- Based on: The Shell Seekers by Rosamunde Pilcher
- Directed by: Waris Hussein
- Starring: Angela Lansbury Irene Worth Sam Wanamaker
- Music by: James Di Pasquale
- Country of origin: United States
- Original language: English

Production
- Executive producers: Ted Childs Marian Rees
- Producers: Emma Hayter William Hill Anne Hopkins
- Running time: 99 minutes
- Production companies: Central Independent Television Marian Rees Associates Hallmark Hall of Fame

Original release
- Network: ABC
- Release: December 3, 1989
- Network: ITV
- Release: December 21, 1989

= The Shell Seekers (1989 film) =

1989 film by Waris Hussein

The Shell Seekers is a 1989 Hallmark Hall of Fame made-for-television drama film based on the 1987 novel of the same name by Rosamunde Pilcher and starring Angela Lansbury.

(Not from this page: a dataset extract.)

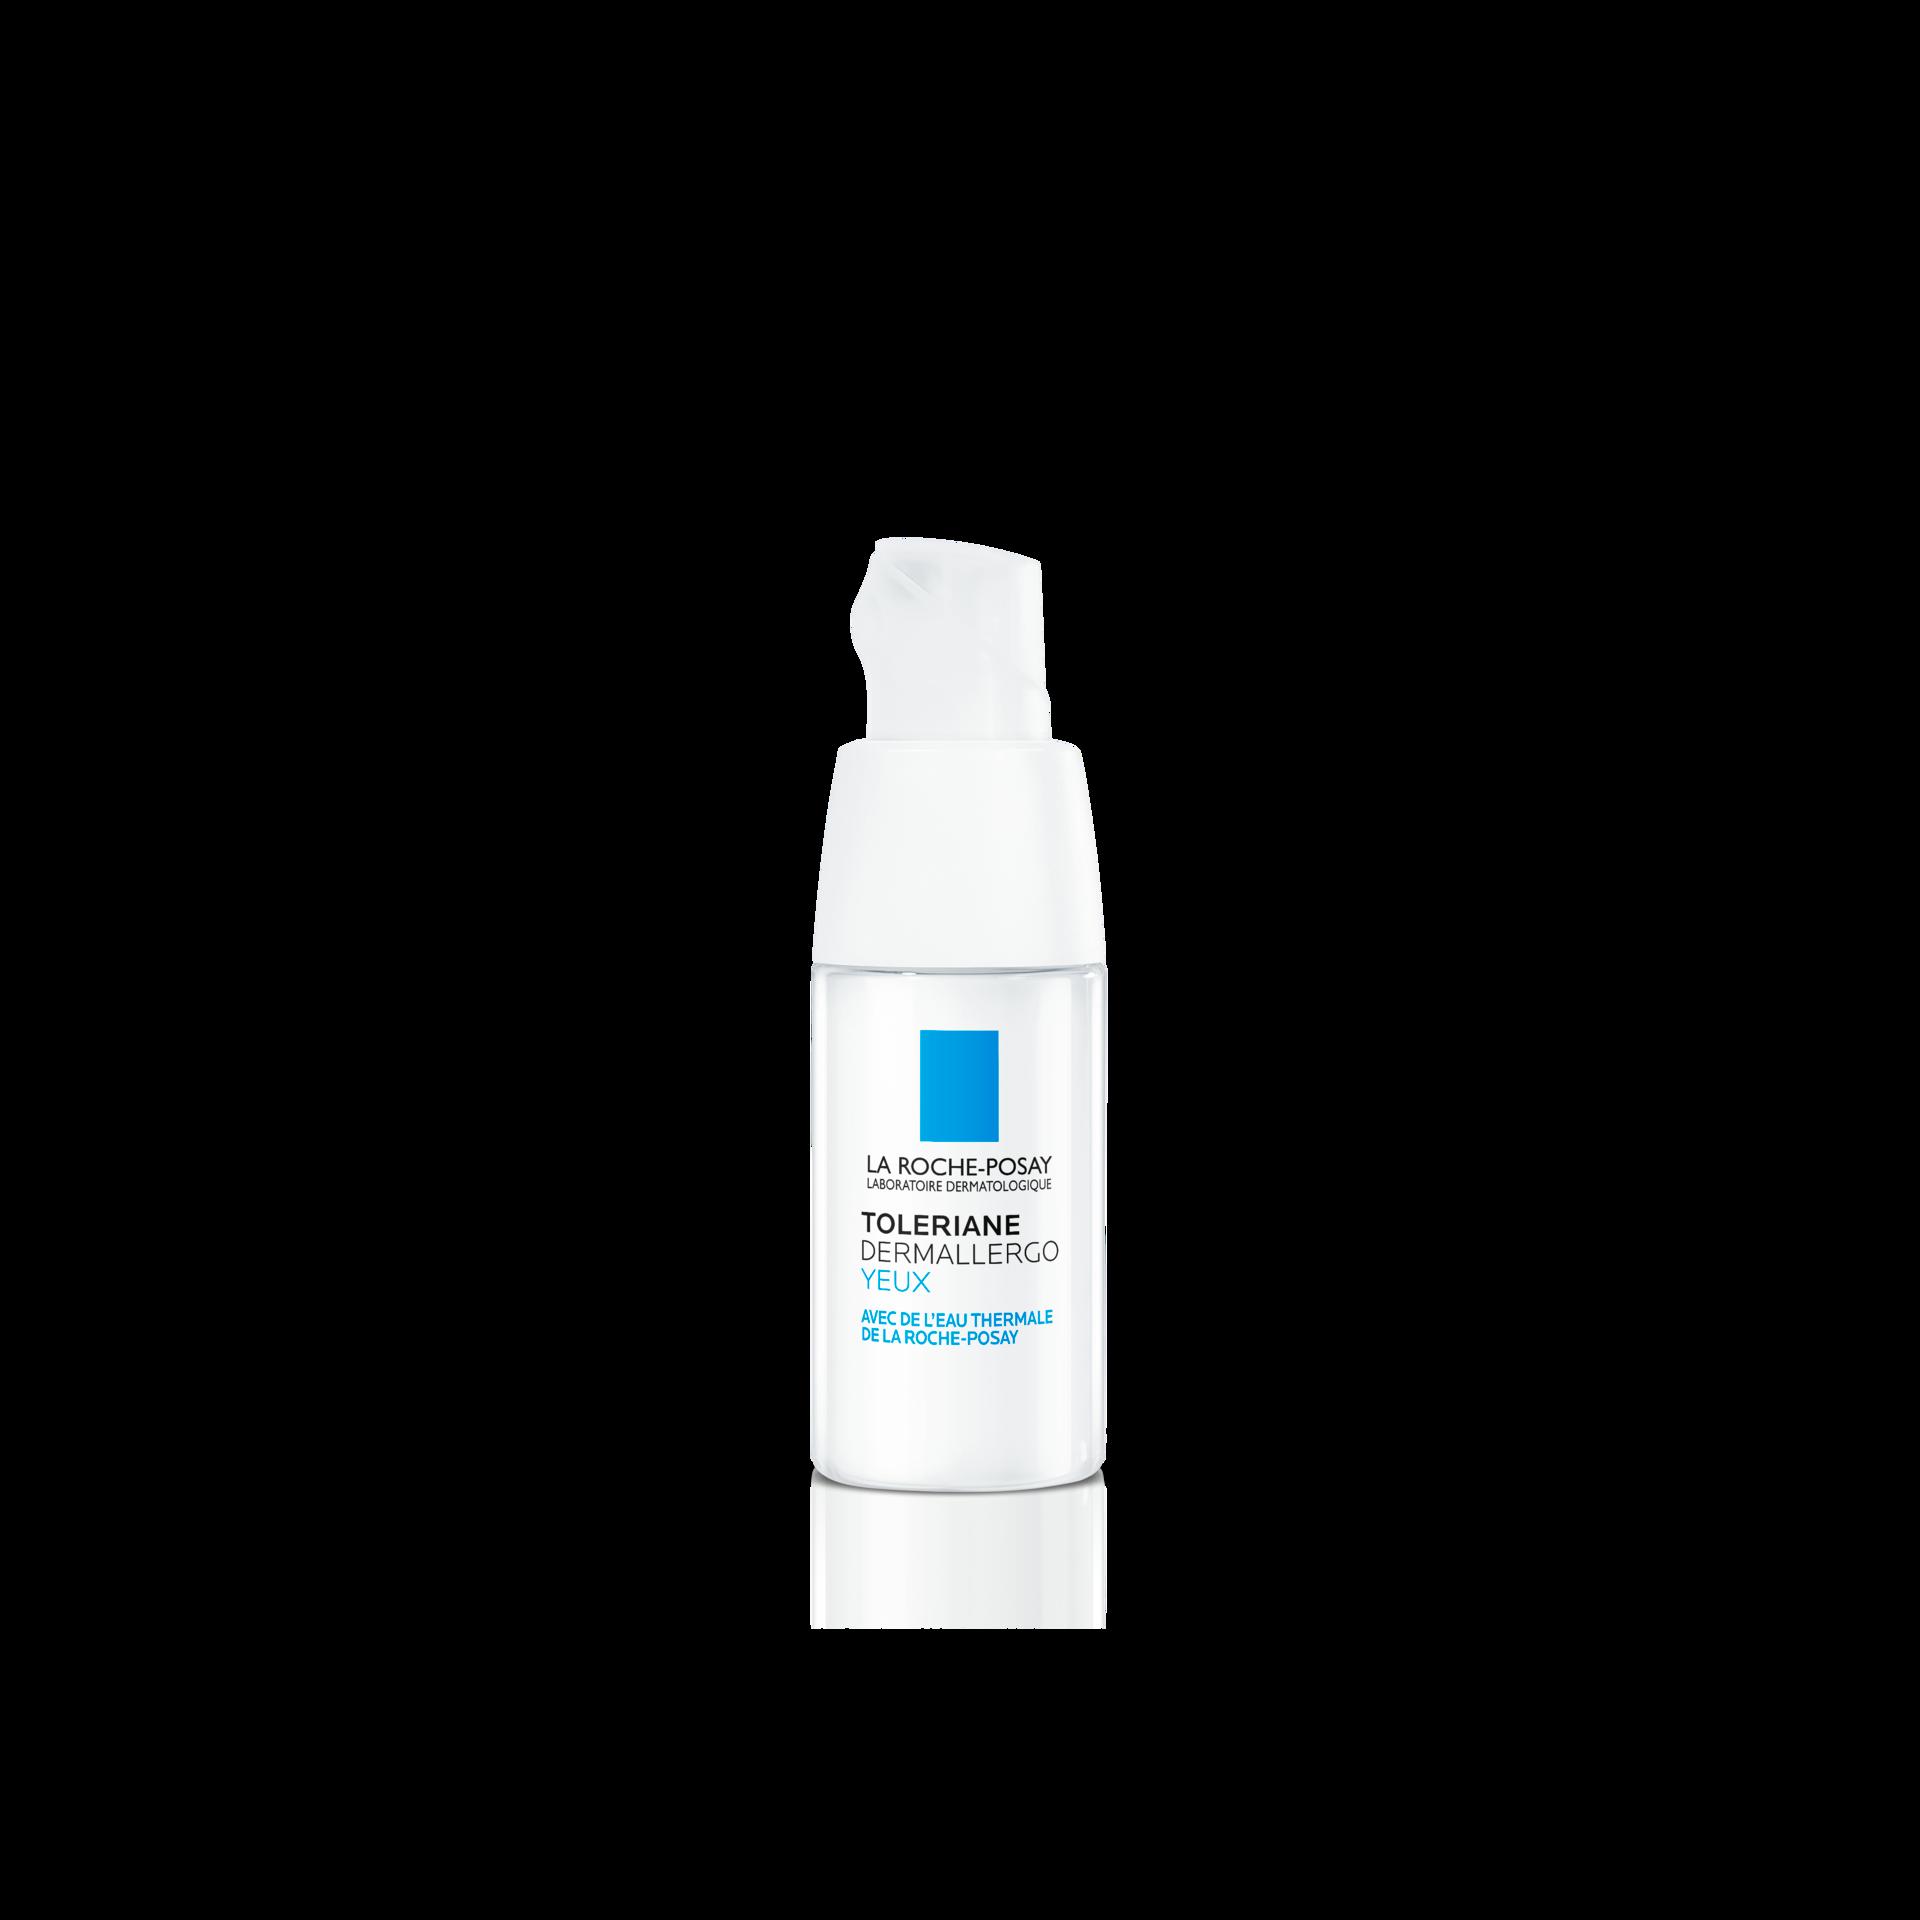 lrp-toleriane-dermallergo-eyes-front-packshot (1)

The film aired on ABC on December 3, 1989, in the United States and on ITV on December 21, 1989, in the United Kingdom; it was later reaired on CBS on January 31, 1993.

==Cast==
- Angela Lansbury as Penelope Keeling
- Irene Worth as Dolly Keeling
- Sam Wanamaker as Richard
- Patricia Hodge as Olivia
- Anna Carteret as Nancy
- Sophie Ward as Antonia
- Denis Quilley as Cosmo
- Serena Gordon as Annabel
- Michael Gough as Roy Brookner

==Production==
The Shell Seekers was filmed on location in Cornwall, the Cotswolds, Ibiza and in a studio in Shepperton, England.